Leonid Ivanovich Sednev (1903-1941)

Leonid Ivanovich Sednev was a chef’s assistant who, together with his uncle Ivan Dmitriyevich Sednev, served Emperor Nicholas II and his family during their exile in Tobolsk and Ekaterinburg from 1917 to 1918.

Six hours before the Imperial family and their four retainers were murdered in the cellar of the Ipatiev House on the night of 16/17 July 1918, Sednev was taken to a neighboring house, where he was held until 20th July. Officials from the Ural Regional Soviet then shipped him off to live with relatives in Kaluga.
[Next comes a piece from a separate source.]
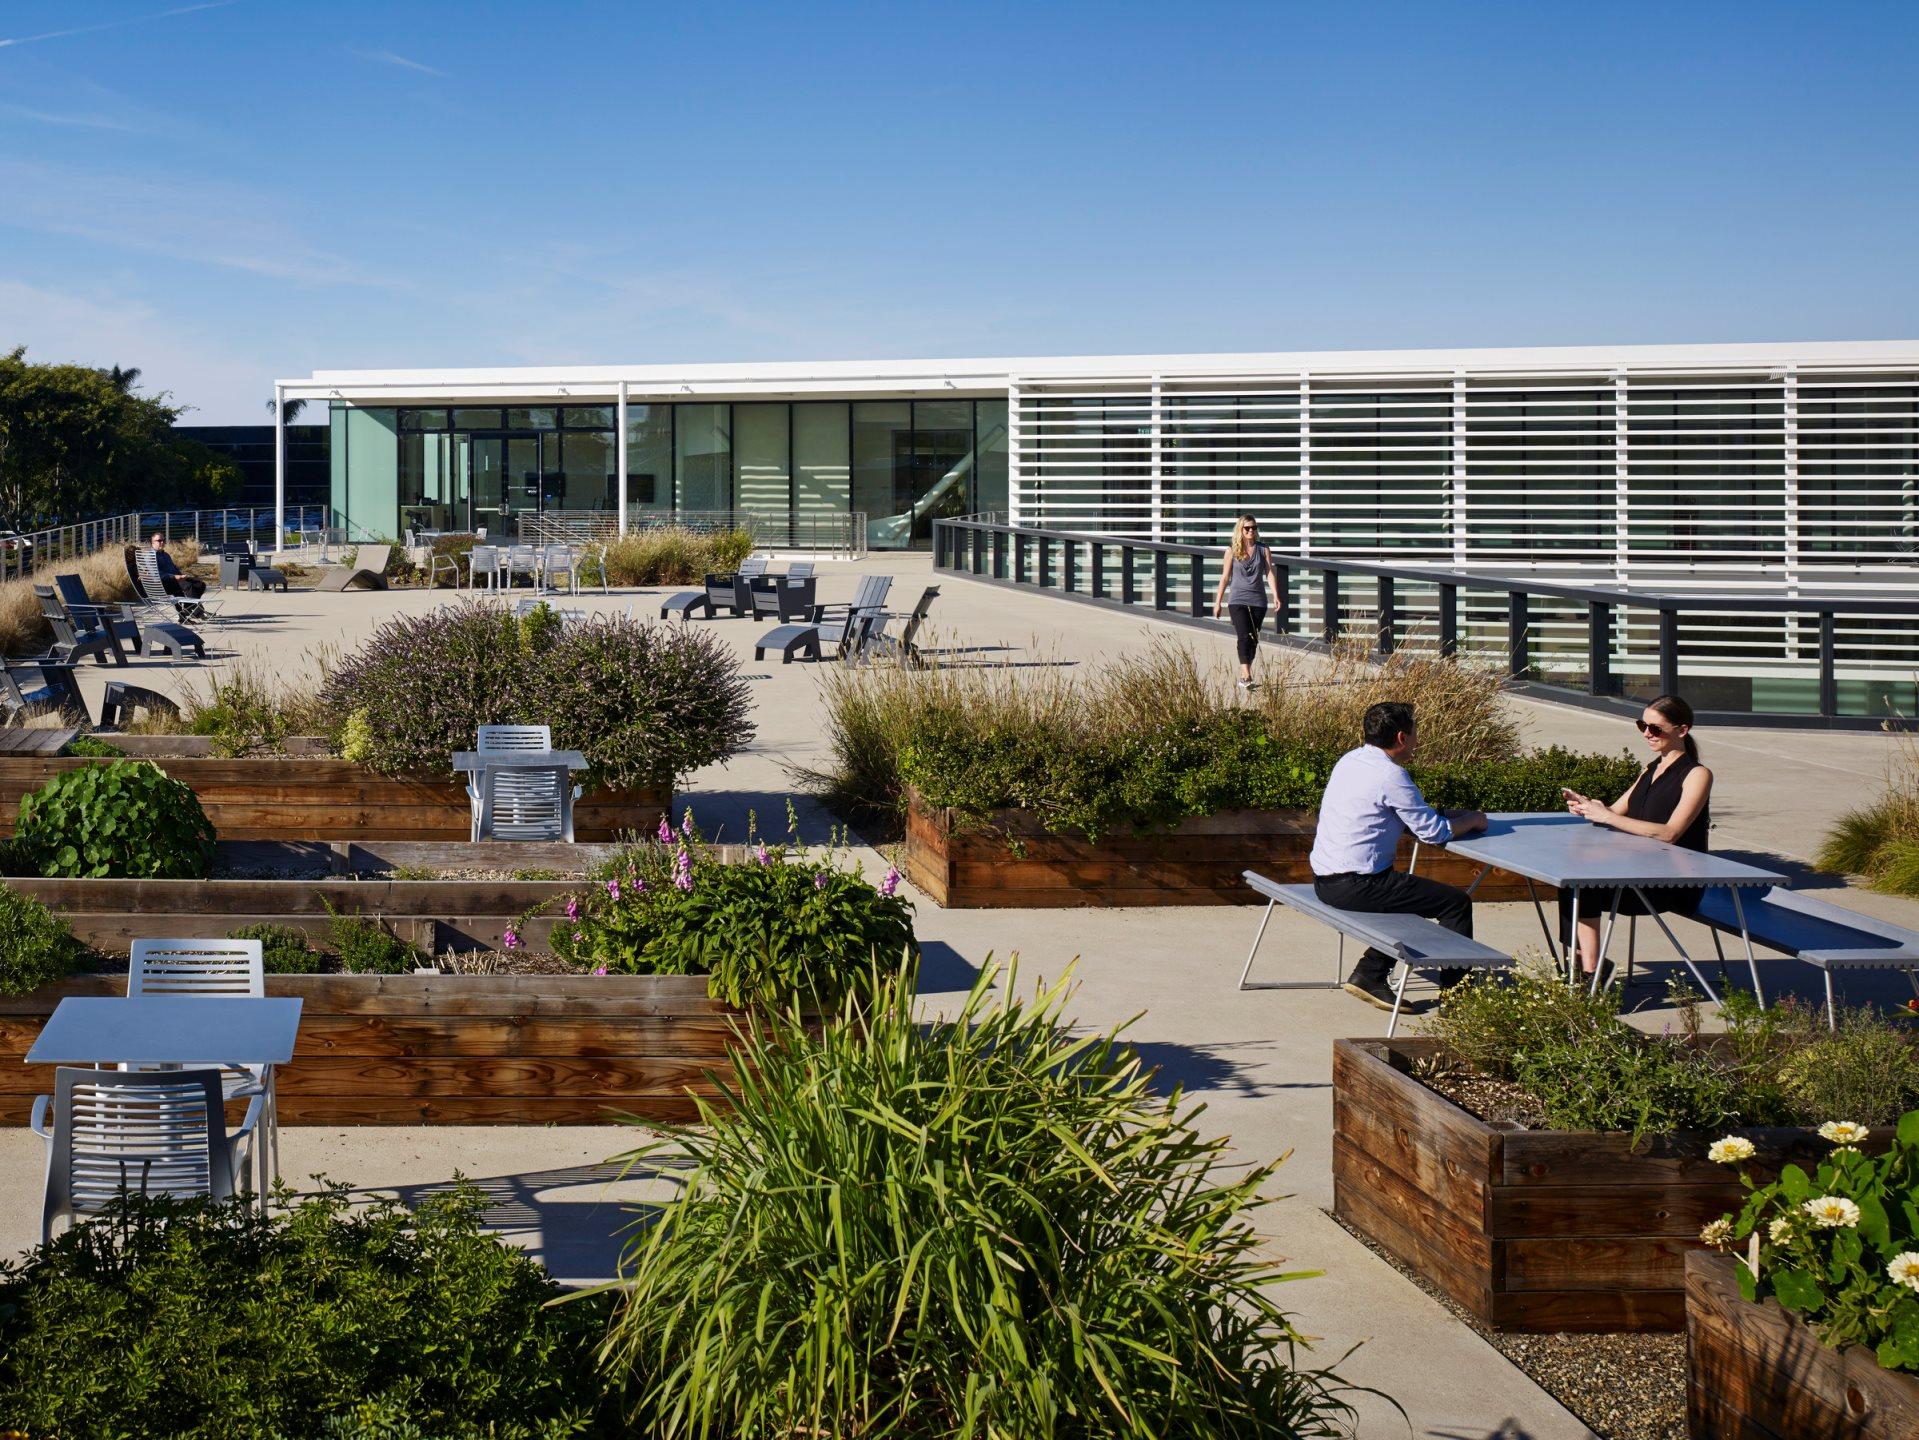 Pacific Center Campus Development Amenities Building

In her final diary entry on 16th July 1918, Empress Alexandra Fedorovna noted: “… Suddenly Lenka [Leonid’s nackname] Sednev was fetched to go and see his uncle and flew off – wonder whether it’s true and we shall see the boy back again! …”

There are conflicting accounts of his ultimate fate; according to one report, he was shot in 1929 in Yaroslavl on charges of participating in a counter-revolutionary conspiracy, while other evidence suggests that he was killed during the Battle of Moscow in 1941; however, according to the obd-memorial.ru (CAMO) web site, he was executed on the verdict of the tribunal of the Bryansk Front for an unspecified crime on 17 July 1942, exactly 24 years to the day the Tsar and his family were murdered.

In 2004, author Robert Alexander wrote The Kitchen Boy, an historical novel which recreates the final days of the Tsar and his family as seen through the eyes of Leonid Sednev.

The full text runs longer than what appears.